На другой день повезли на кладбище. Батюшка стал там меня отпевать. Это я тоже слышал, лёжа в гробу. Да дело-то весной было. Погода испортилась. Дождь пошел, да с градом, да с таким крупным, как не бывало!

Покрыли гроб крышкой, а народ-то и ушел. Спрятались переждать непогоду, кто где смог.

Лёжа в гробу, пришел я в себя. Уж не знаю от чего. Может от холода, а может от того, что когда везли меня в гробу по неровной дороге, то от тряски кусок мяса из моего горла-то и выпал. Сначала ничего не понял: "Где я, и почему холодно? Одели то на меня только одну рубаху!"

Приоткрыл крышку гроба, и ужас меня охватил. Рядом открытая могила и нет никого! Вспомнил, что было, как домой пришел мяса поесть. Получалось, что нашкодил я, согрешил сильно в такой великий и светлый праздник - захотел тайком ото всех вкусненького поесть. Теперь за этот большой грех, якобы и решили меня в землю зарыть!

Только нет никого кругом, а дождь и град уже кончились. Вылез, закрыл я крышку гроба на место, а сам скоренько побежал с кладбища.

Возвращаться сразу домой не стал. Голова ещё толком не соображала. Побежал в соседнее село. Было до него версты две. На кладбище-то хоронили и с нашего села и с этого.

Вспоминал я этот случай на фронте не раз, как знамение. Прошел войну от того момента, когда призвали в армию и до конца, без единой царапины, и остался в живых. Только в самом конце войны ранило меня сильно, но я выжил. Верил, что если один раз меня хоронили, и не похоронили, значит суждено уцелеть!

Дошел я до соседнего села уже под вечер. Стало ещё холоднее. Решил зайти в крайнюю избу, попроситься погреться. А в этой избе жила одинокая баба. Рассказал я ей, что со мною приключилось, а она и говорит, что разрешила бы остаться, да только "тяжелая" она, и вот-вот должна рожать. Уговорил я её. Сказал, что устроюсь на лавке у печки, погреюсь и ей не помешаю. А если будет нужно, то как начнётся у неё это..., то и за бабушкой сбегаю. Она и согласилась.

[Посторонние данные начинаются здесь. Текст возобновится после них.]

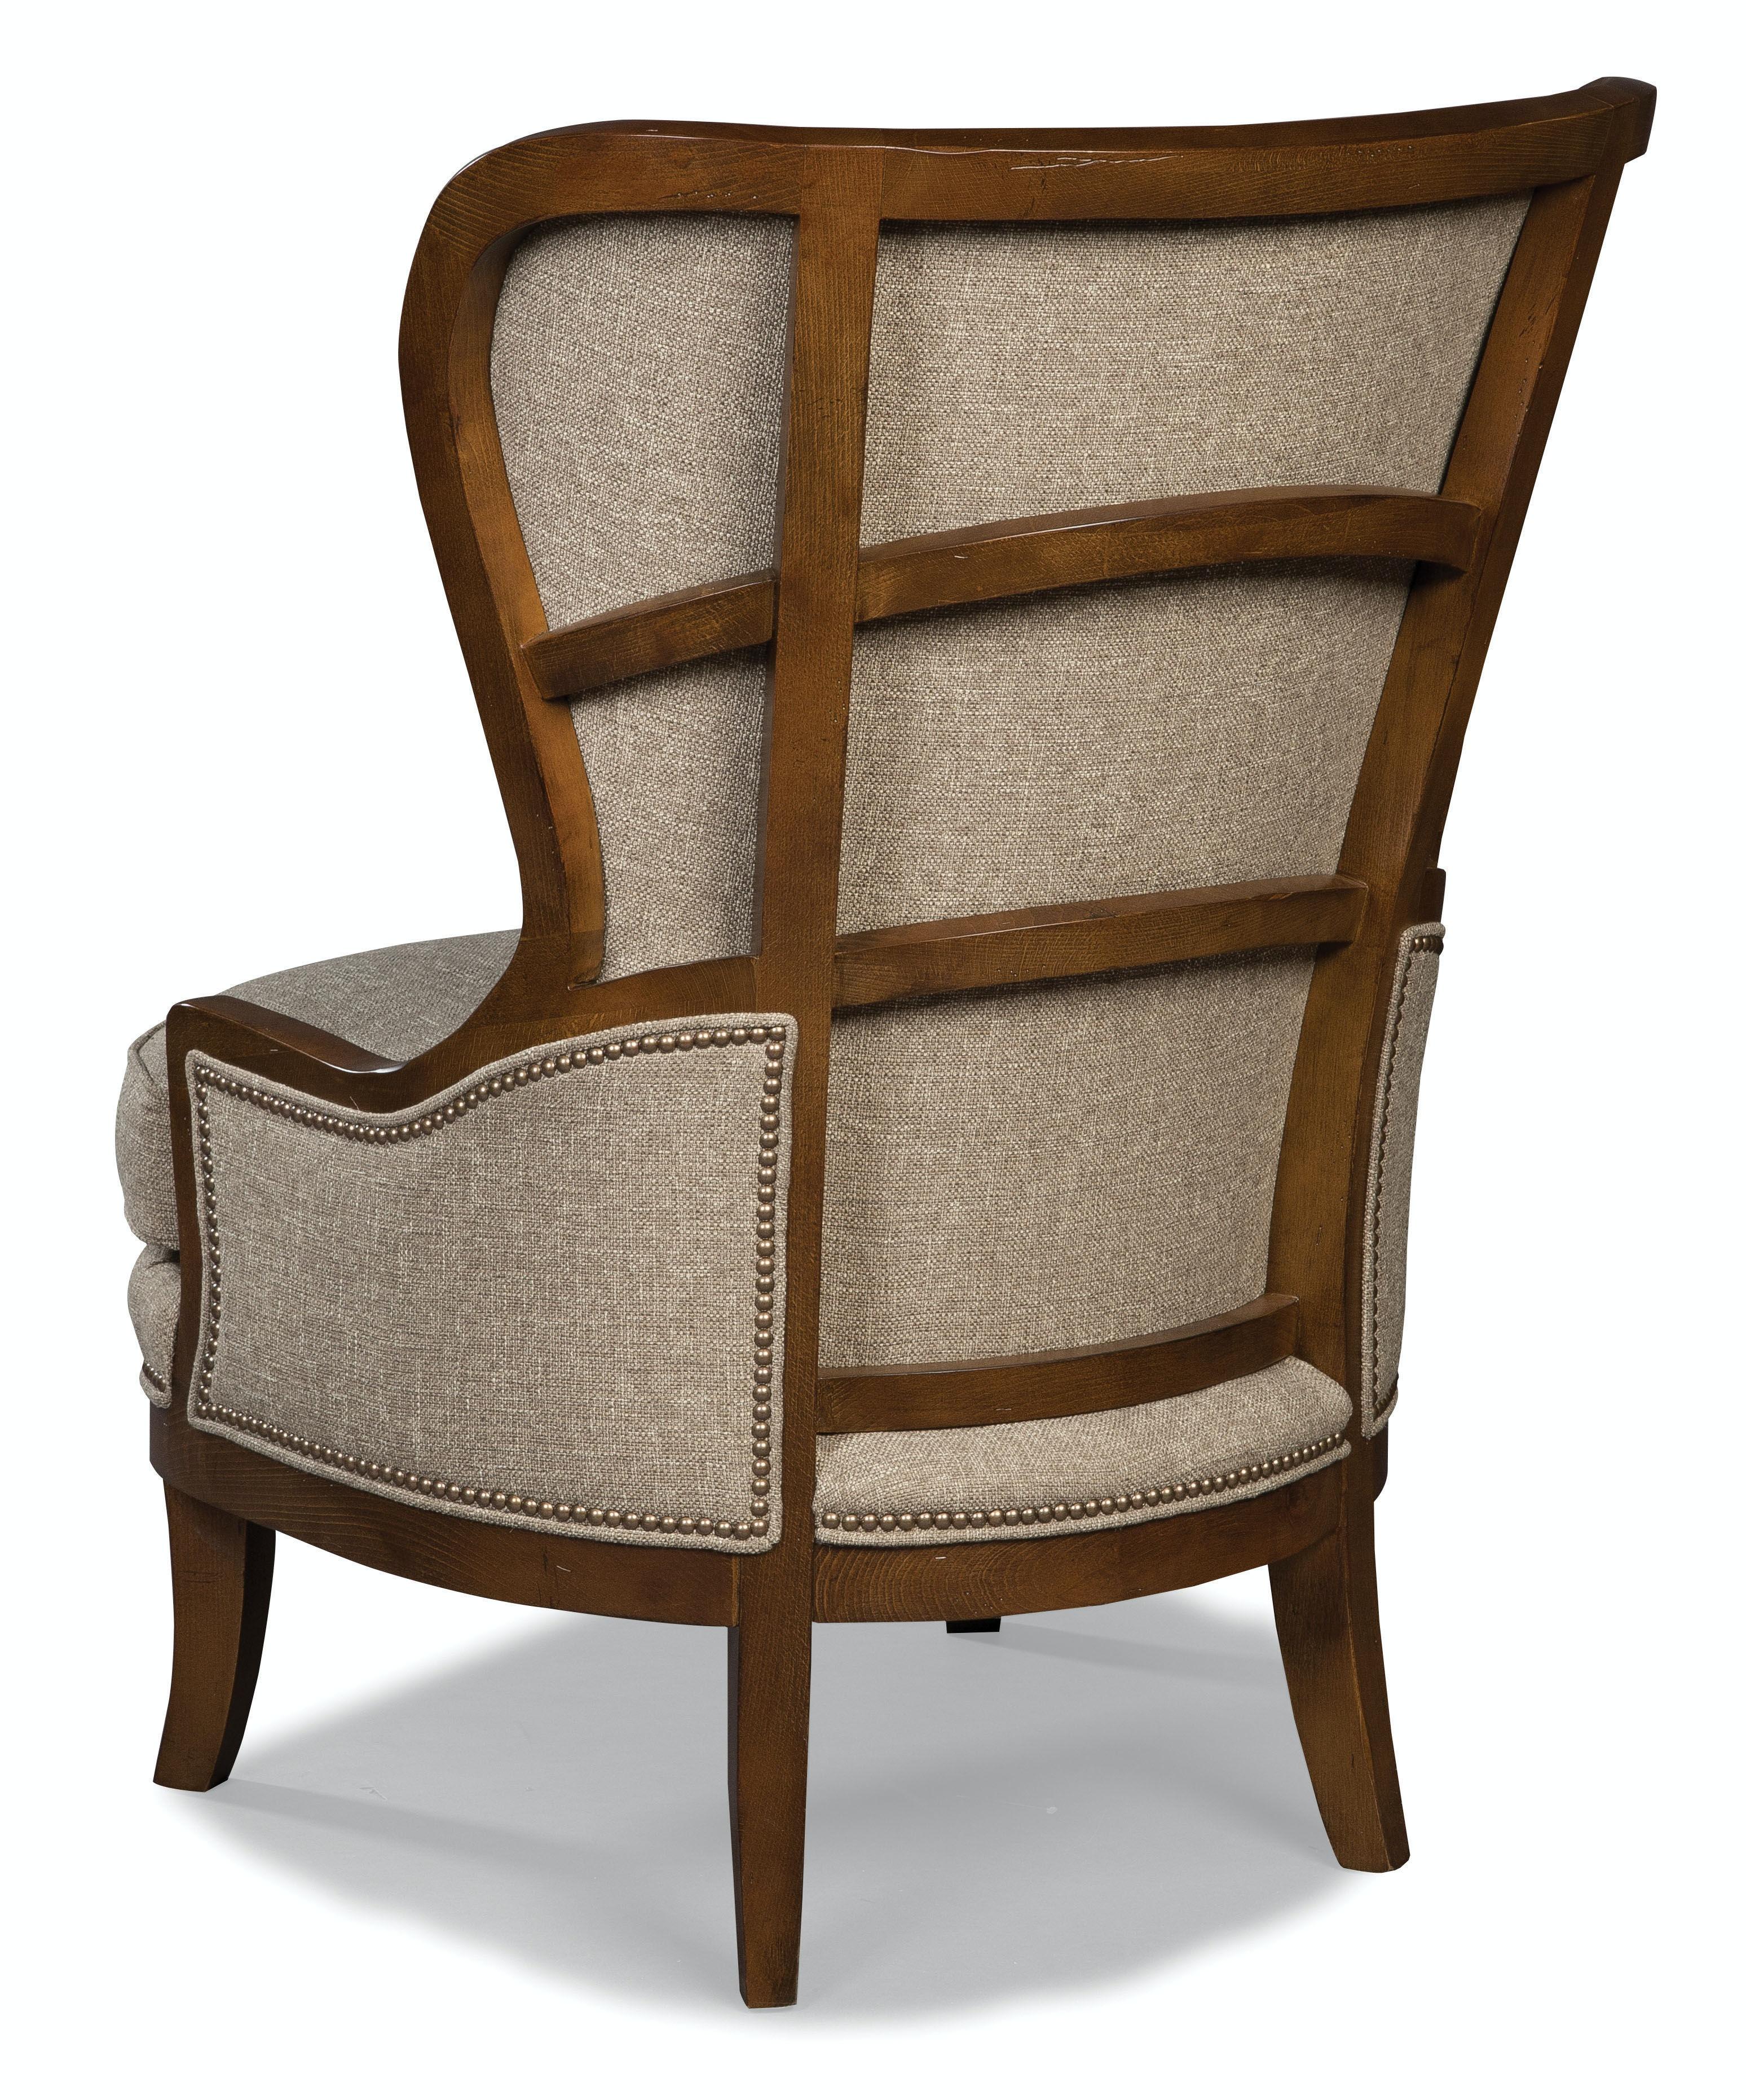 georgia chair company foam folding beds fairfield living room lawson wing 5192

Лежа на лавке, я не заметил, как заснул. А ночью стала она меня звать, чтобы я встал и пошел за бабушкой. Поднялся, надел на ноги её обувку, накинул сверху какую-то её одёжку, спрашиваю, "где мол бабушка живёт?" - объяснила. "А звать-то тебя как?" - Нюрка. "А бабушку?" - Маруся.
Пошел к бабушке. Пришел, кричу ей в окно: "Пошли к Нюрке, началось у неё... Помочь надо". "Зайди в дом , - говорит, - помоги с печи слезть. Ноги у меня слабые".
Зашел. Стала она с печи слезать, на плечё моё опёрлась. Да так в него вцепилась - руки у неё сильными оказались. На плече потом синяки были! С печи-то она слезла, а идти не может - ноги слабые. Послала в сарай взять тележку. Сказала, чтобы я её на тележке к Нюрке повёз. Что делать? Повёз я её. Пока по ровной дороге шли, можно было тележку тянуть. А когда за речкой дорога в горку пошла, не справился я. Поскользнулся, да ещё обувка Нюркина великовата была - слетела с ноги. В общем, выпустил я из рук тележку с бабушкой, а она и покатилась с горки, да к речке, да не на мосток, а мимо него, да в воду!

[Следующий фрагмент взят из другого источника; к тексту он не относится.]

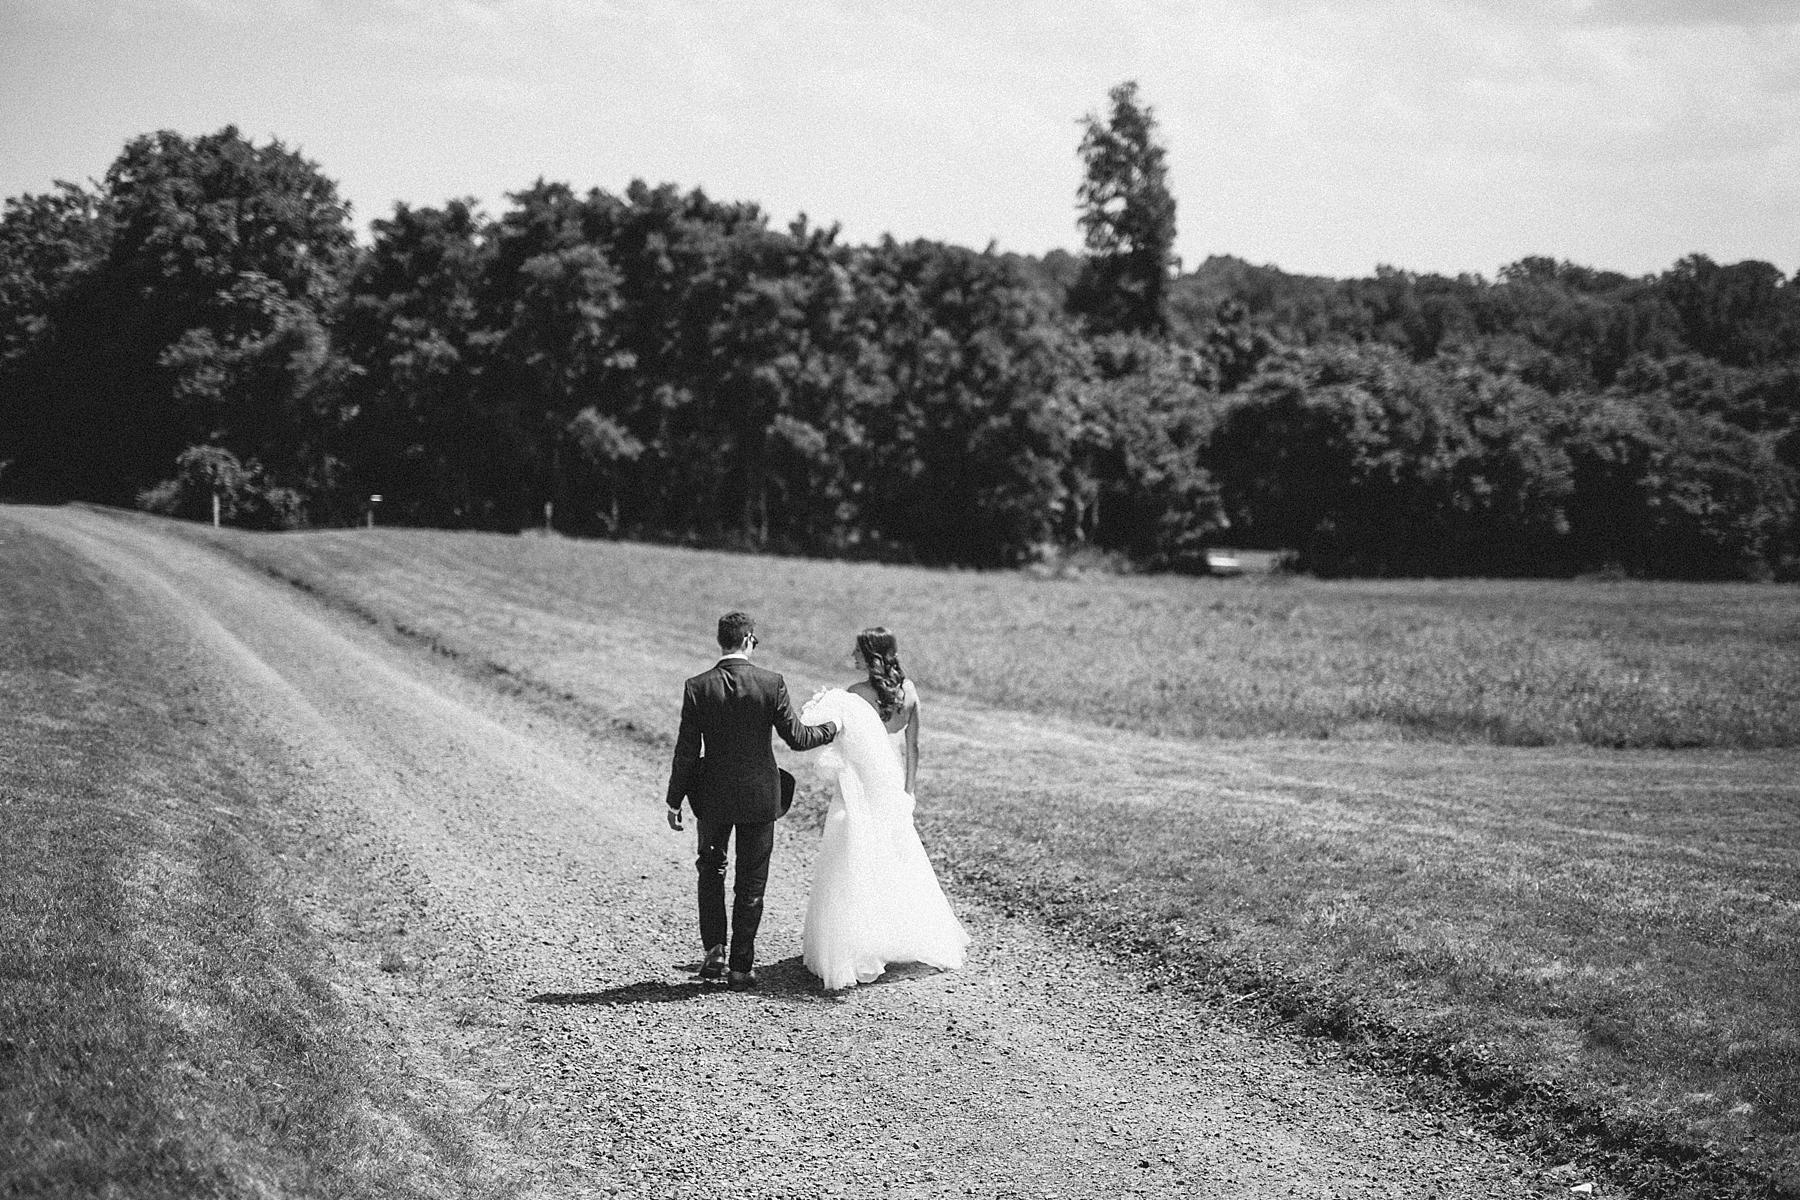 farm-country-wedding-nj-photographer-red-bank_0026.jpg

Подбежал я к речке. Гляжу, из воды только оглобли от тележки торчат, а бабушки не видно. Испугался! Ночь, нет рядом никого, а самому тележку из воды не  достать - силы не хватает. Звать кого-то на помощь, так пока прибегут, бабушке уже ничем не помочь будет. Убежал я.

А в этой деревне жила тётка, мамина сестра. Куда ещё среди ночи мне было податься - побежал к ней. Она увидала меня - ахнула! Сначала глазам не поверила, а потом, когда выслушала мой рассказ, как мясом подавился, как в гробу лежал и хотели похоронить меня, то сказала, что вот и на похоронах кто-то засомневался: "Мол живой он!" Когда могилу зарывали, то комья земли по гробу, как по пустому стучали.

Про бабушку и Нюрку не сказал - побоялся. Решили, что сейчас я погреюсь, переночую, а утром с тёткой вместе домой пойдём. Думаю: "Вот мать и все остальные порадуются-то - живым оказался!"

Утром идём по улице, видим, толпа народу стоит у моста. Судачат: "Что-то неладное приключилось с бабушкой Марусей ночью - решила на тележке покататься, да в речку упала и утонула".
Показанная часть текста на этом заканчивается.